Nat Wright, 82, of Glenside, a radio broadcaster who hosted WIP's Dawn Patrol for 17 years, died of a stroke at home on Thanksgiving.

Nat Wright, 82, of Glenside, a radio broadcaster who hosted WIP's Dawn Patrol for 17 years, died of a stroke at home on Thanksgiving.

Mr. Wright joined the station in 1961 as a "swing man," doing news, spinning records, and filling in for popular personalities Joe McCauley, Ken Garland,  and Tom Lamaine. The AM station (610) had 24-hour programming, said his wife, Sue Young Wright, who added, "I had a packed lunch ready for him whenever he got a call."
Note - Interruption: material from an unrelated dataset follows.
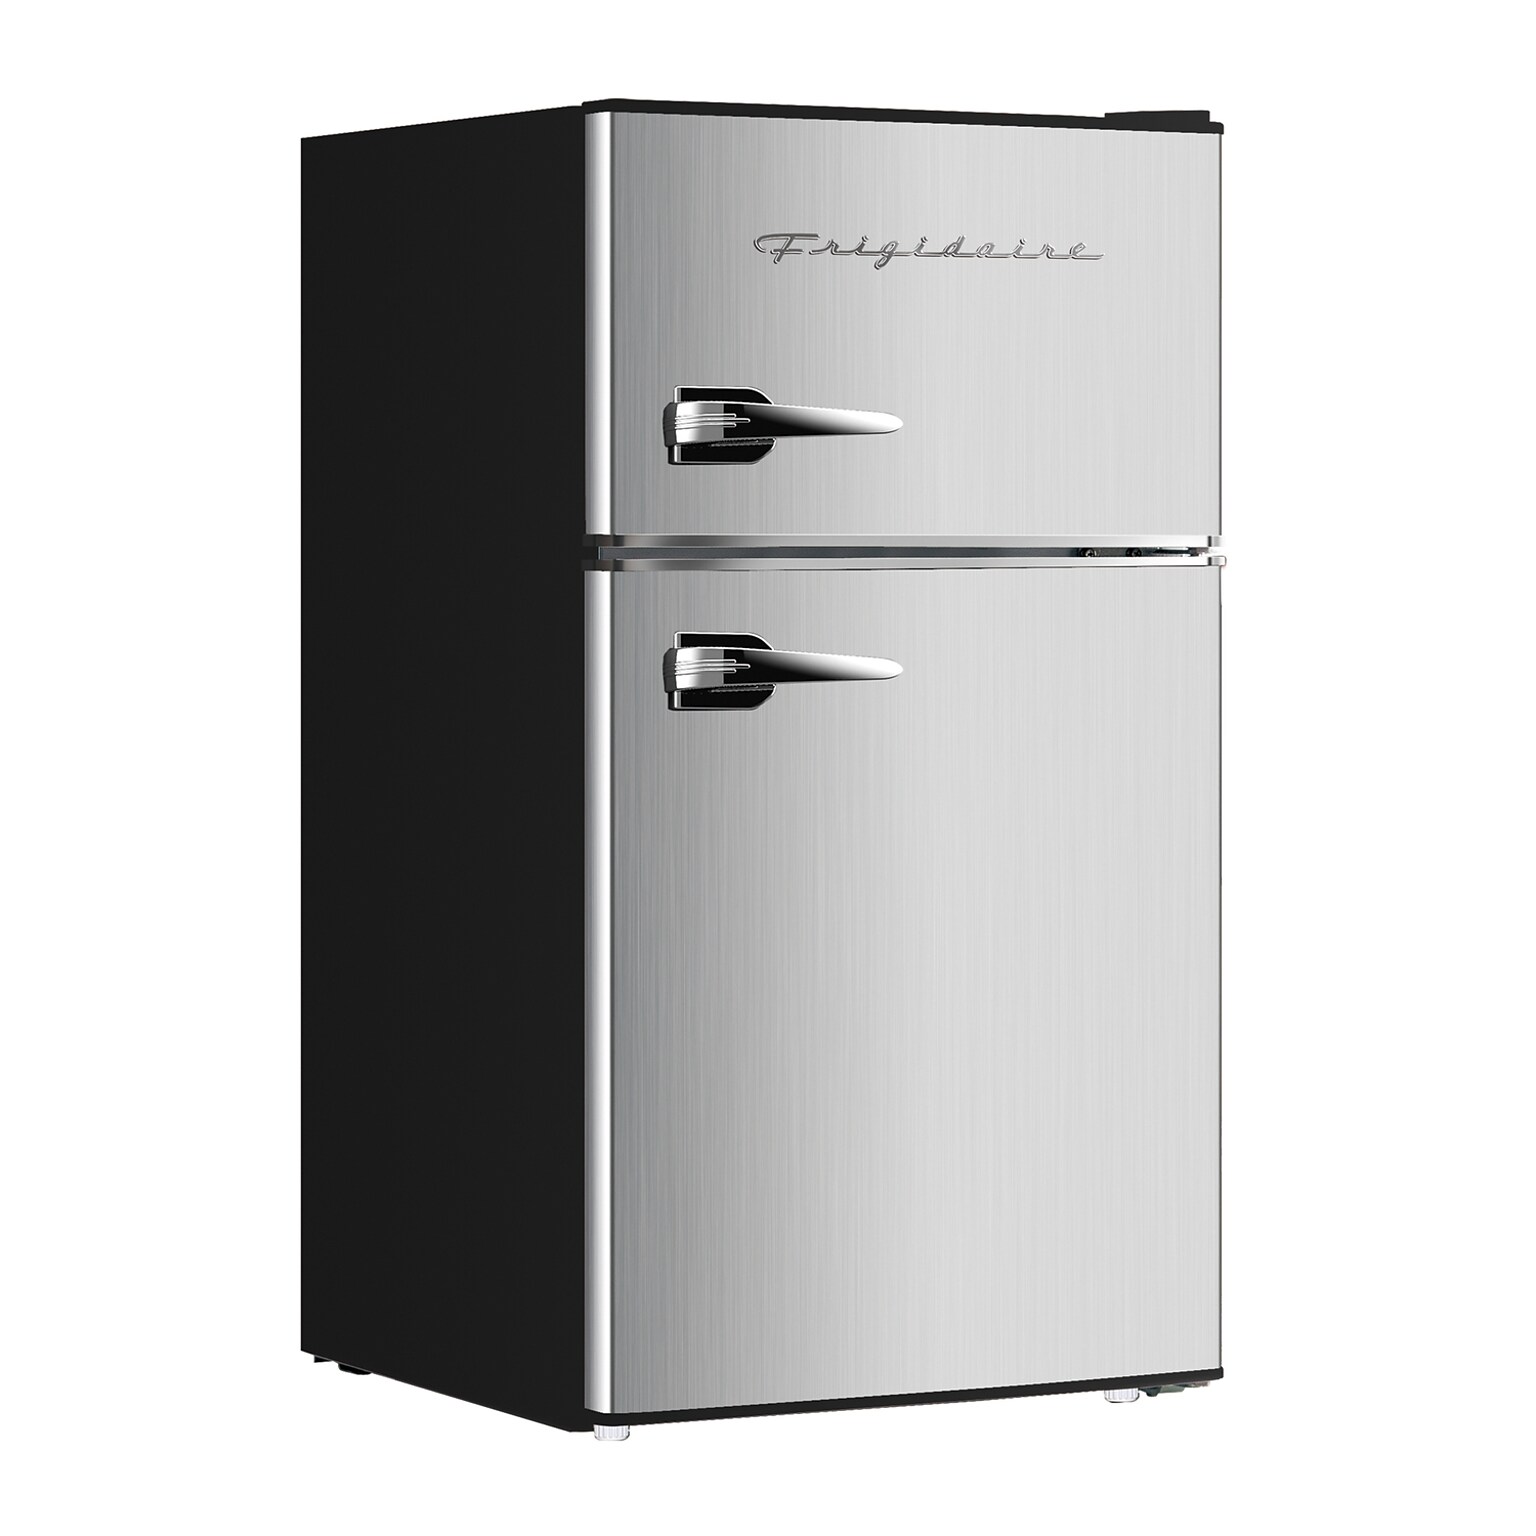 Frigidaire EFR391-B Retro 3.2-Cu. Ft. 2-Door Retro Compact Refrigerator with Freezer, Platinum Design with Chrome Trim

In 1967, Mr. Wright was tapped to host Dawn Patrol, which aired from midnight to 6 a.m. He was free to play his own favorites and once helped launch a hit record, his wife said.

In the 1970s, the music promoter and publisher Kal Rudman heard Judy Collins' recording of Stephen Sondheim's "Send in the Clowns" on Dawn Patrol. Impressed, he asked Mr. Wright to play the song frequently, and lobbied Collins' record company to issue the song as a single. In 1975, "Send in the Clowns" won a Grammy as song of the year. Collins had lunch with Mr. Wright and Rudman in Philadelphia to thank them. "Nat was such a sweet man, he was thrilled," Rudman said.

In 1984, when WIP switched to all-night talk radio, Mr. Wright played his last tune on the Dawn Patrol.

He told a Philadelphia Daily News reporter that he was "not bitter" about losing the show. "But I would like to have had a crack at doing the talk show," he said.

For a brief time, Mr. Wright did host a radio show, in Trenton. He also made voice-overs, filled in for TV announcers, and for several years taught at the former American Academy of Broadcasting in Philadelphia.

For 16 years, until 2004, Mr. Wright was a volunteer tour guide at Christ Church.

"The experience, part of nearly a lifetime of oral presentation and people involvement, was unsurpassed in personal fulfillment," he wrote in a memoir.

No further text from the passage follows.